| WHAT NEEDS TO BE DONE |
Please repeat the whole listing exactly, but leave the pictures out.

| DATA SECTION |
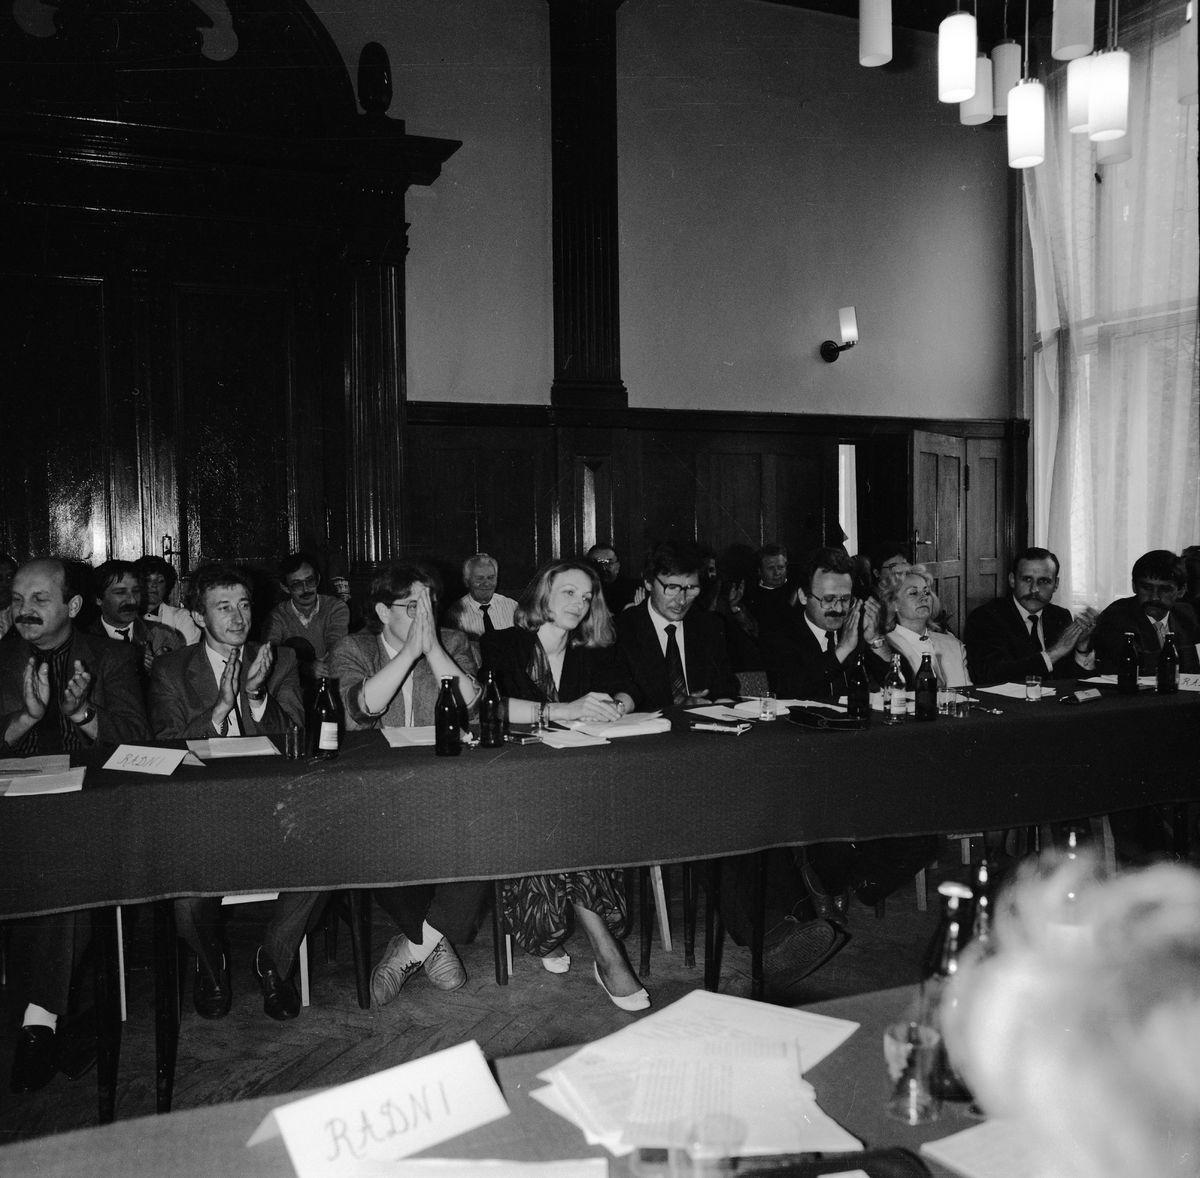 Kolekcja zbiorowa <br /> Foto-mix z 30 lat wolnego giżyckiego samorządu (1990 - 2020)
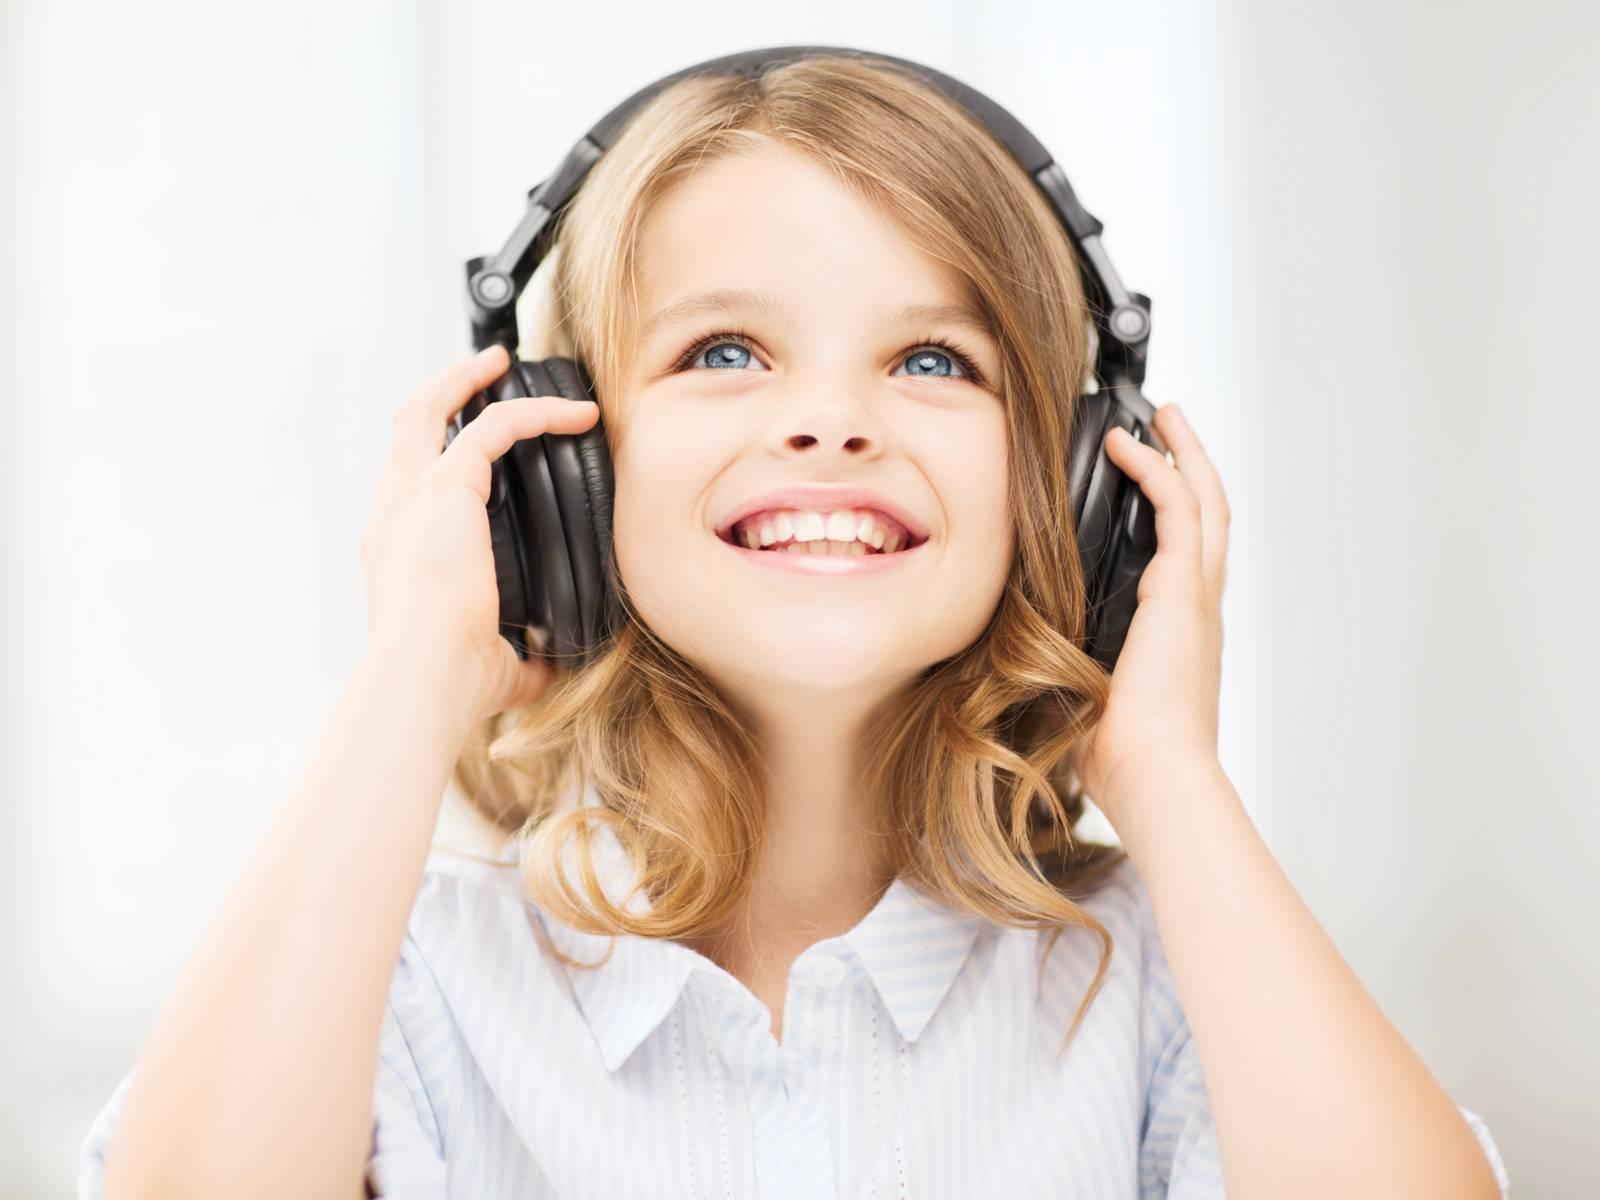 Der Wunsch der Initiatoren ist es, Eltern und vielen anderen Interessierten Hilfen für die musikalische Entfaltung ihrer Kinder an die Hand zu geben und sie anzuregen, sich wieder selbst der Musik zuzuwenden.
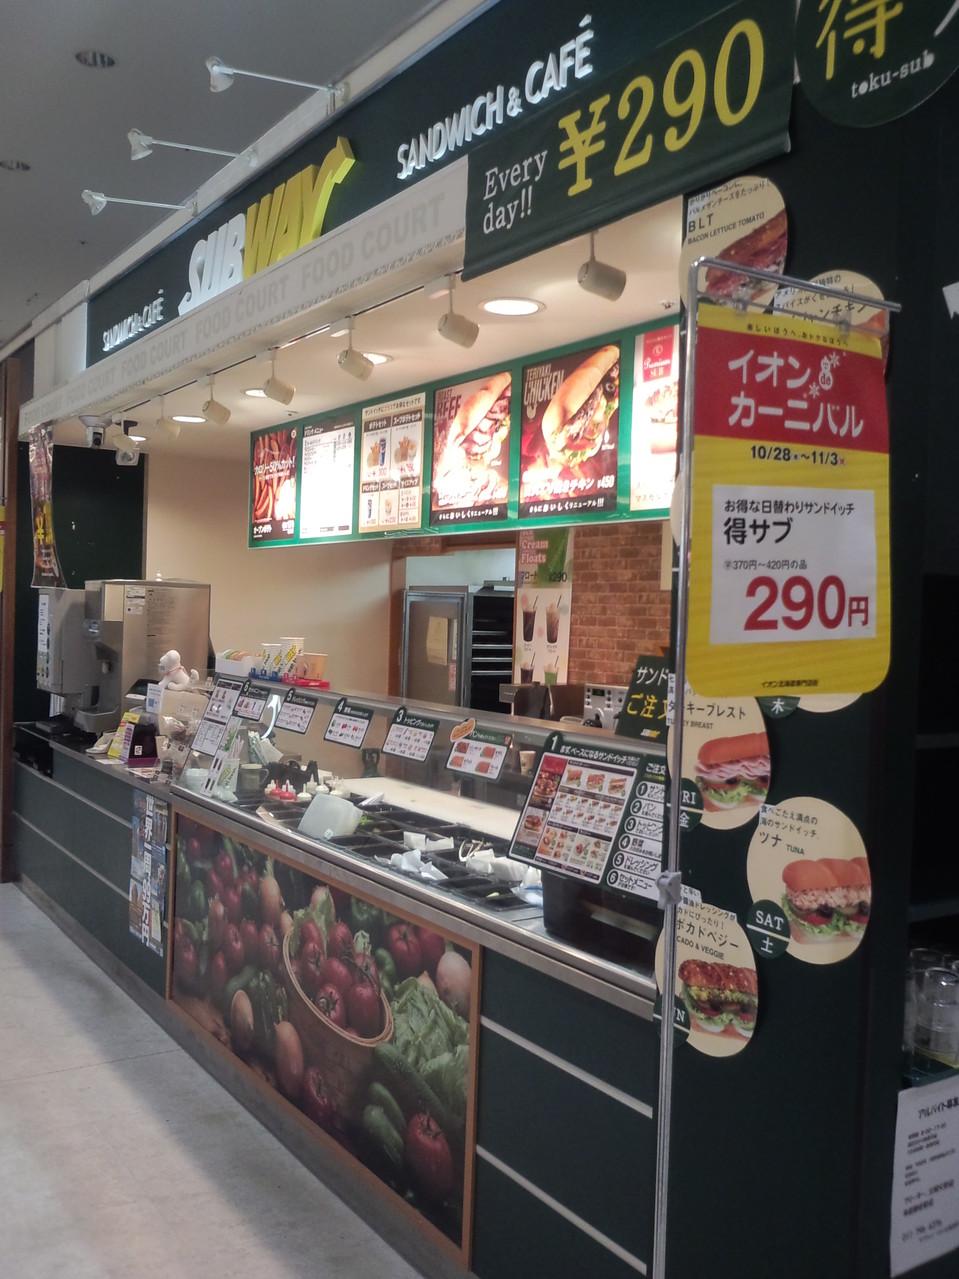 サブウェイ イオン札幌桑園店

| WRITTEN RESPONSE |
 Kolekcja zbiorowa <br /> Foto-mix z 30 lat wolnego giżyckiego samorządu (1990 - 2020)
 Der Wunsch der Initiatoren ist es, Eltern und vielen anderen Interessierten Hilfen für die musikalische Entfaltung ihrer Kinder an die Hand zu geben und sie anzuregen, sich wieder selbst der Musik zuzuwenden.
 サブウェイ イオン札幌桑園店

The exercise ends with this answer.